Faster Inference of Flow-Based Generative Models via Improved Data-Noise Coupling

1Computer Vision Group, Institute of Informatics, University of Bern, Bern, Switzerland 2LIONS, EPFL, Lausanne, Switzerland

at ICLR 2025

Abstract

Conditional Flow Matching (CFM), a simulation-free method for training continuous normalizing flows, provides an efficient alternative to diffusion models for key tasks like image and video generation. The performance of CFM in solving these tasks depends on the way data is coupled with noise. A recent approach uses minibatch optimal transport (OT) to reassign noise-data pairs in each training step to streamline sampling trajectories and thus accelerate inference. However, its optimization is restricted to individual minibatches, limiting its effectiveness on large datasets.

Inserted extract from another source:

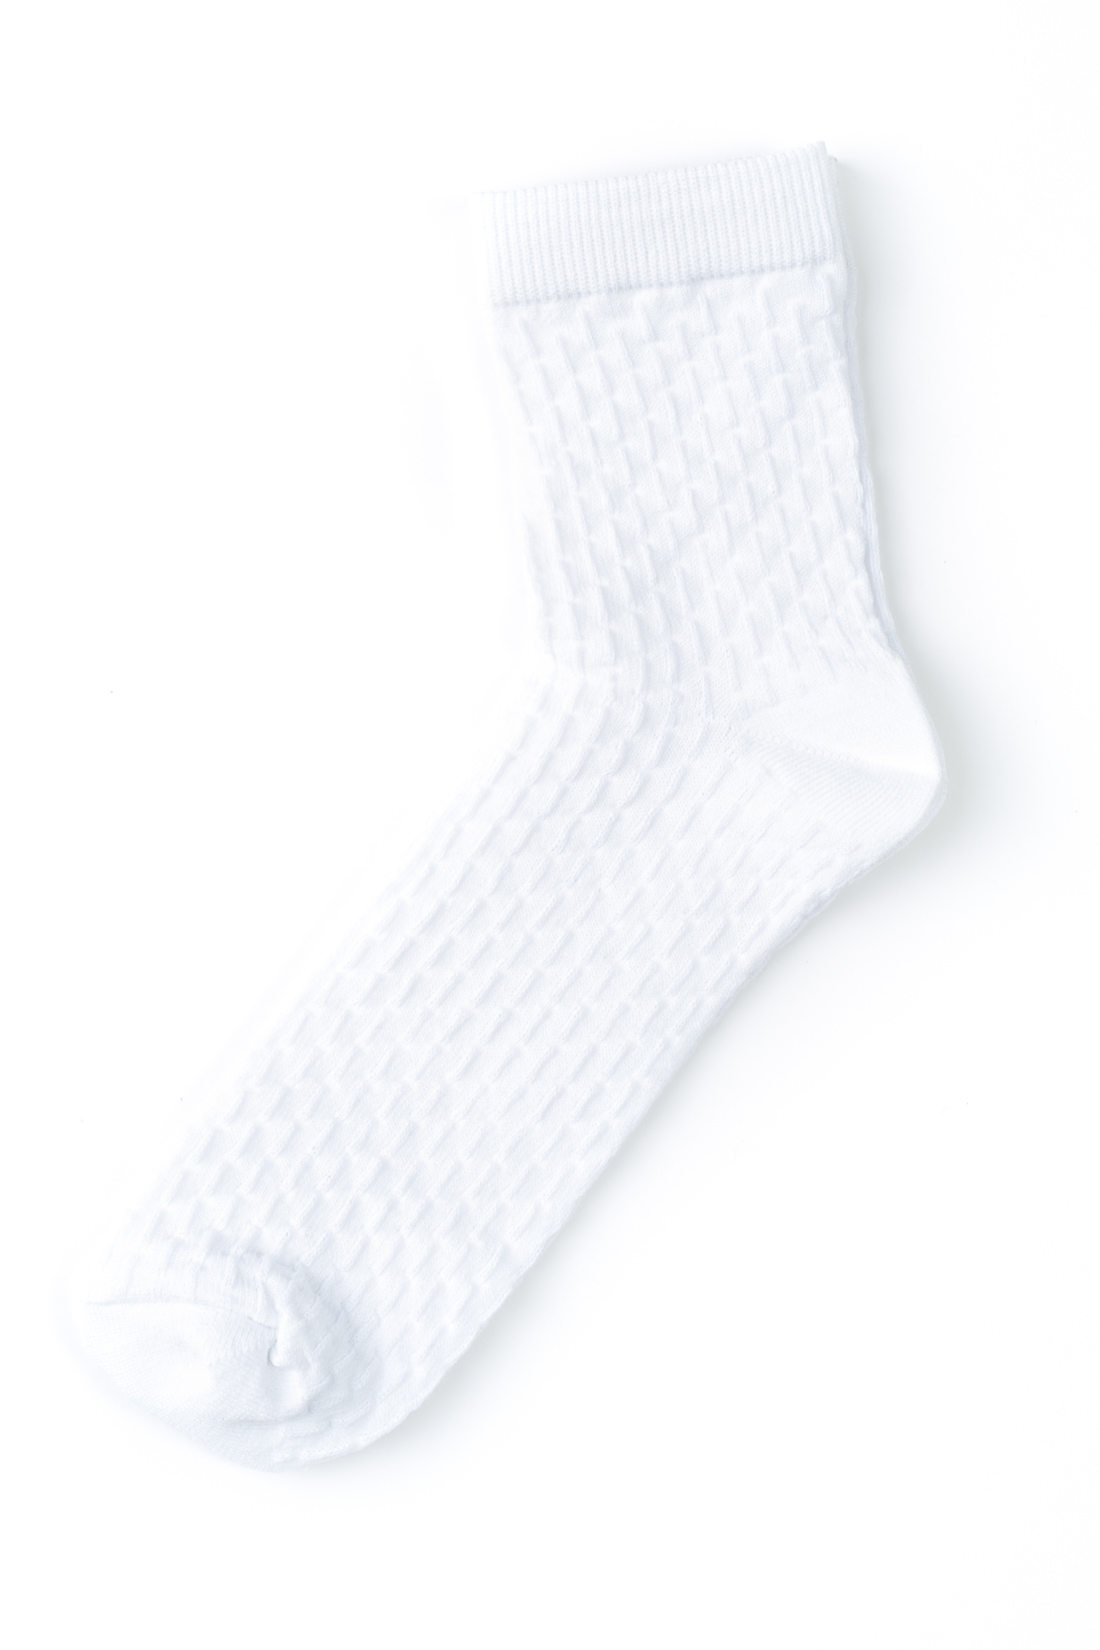 Белые носки с узором (арт. baon B397017), размер 35/37, цвет белый Белые носки с узором (арт. baon B397017) - фото 1

To address this shortcoming, we introduce LOOM-CFM (Looking Out Of Minibatch-CFM), a novel method to extend the scope of minibatch OT by preserving and optimizing these assignments across minibatches over training time.

Our approach demonstrates consistent improvements in the sampling speed-quality trade-off across multiple datasets. LOOM-CFM also enhances distillation initialization and supports high-resolution synthesis in latent space training.

Algorithm

In diffusion and flow-based generative models, to generate a sample, we start from noise and integrate the learned vector field, until a clean data point is reached. However, numerical integration requires discretization, which introduces errors. Finer discretization reduces errors but increases computational cost, making inference slower. Straighter trajectories would reduce the number of function evaluations (NFE) and speed-up sampling.

                

In flow matching the default way of coupling, or sampling minibatches, is to sample noise and data points independently. This leads to ambiguity during the training, as the same input to the network may have multiple different targets in different minibatches. Resolving this ambiguity though averaging results in learning curved sampling trajectories. Prior work has tackled this problem through locally changing the independent coupling by reassigning noise and data points within each separate minibatch (e.g. by solving local OT). However, this approach does not effectively scale to larger and higher-dimensional data.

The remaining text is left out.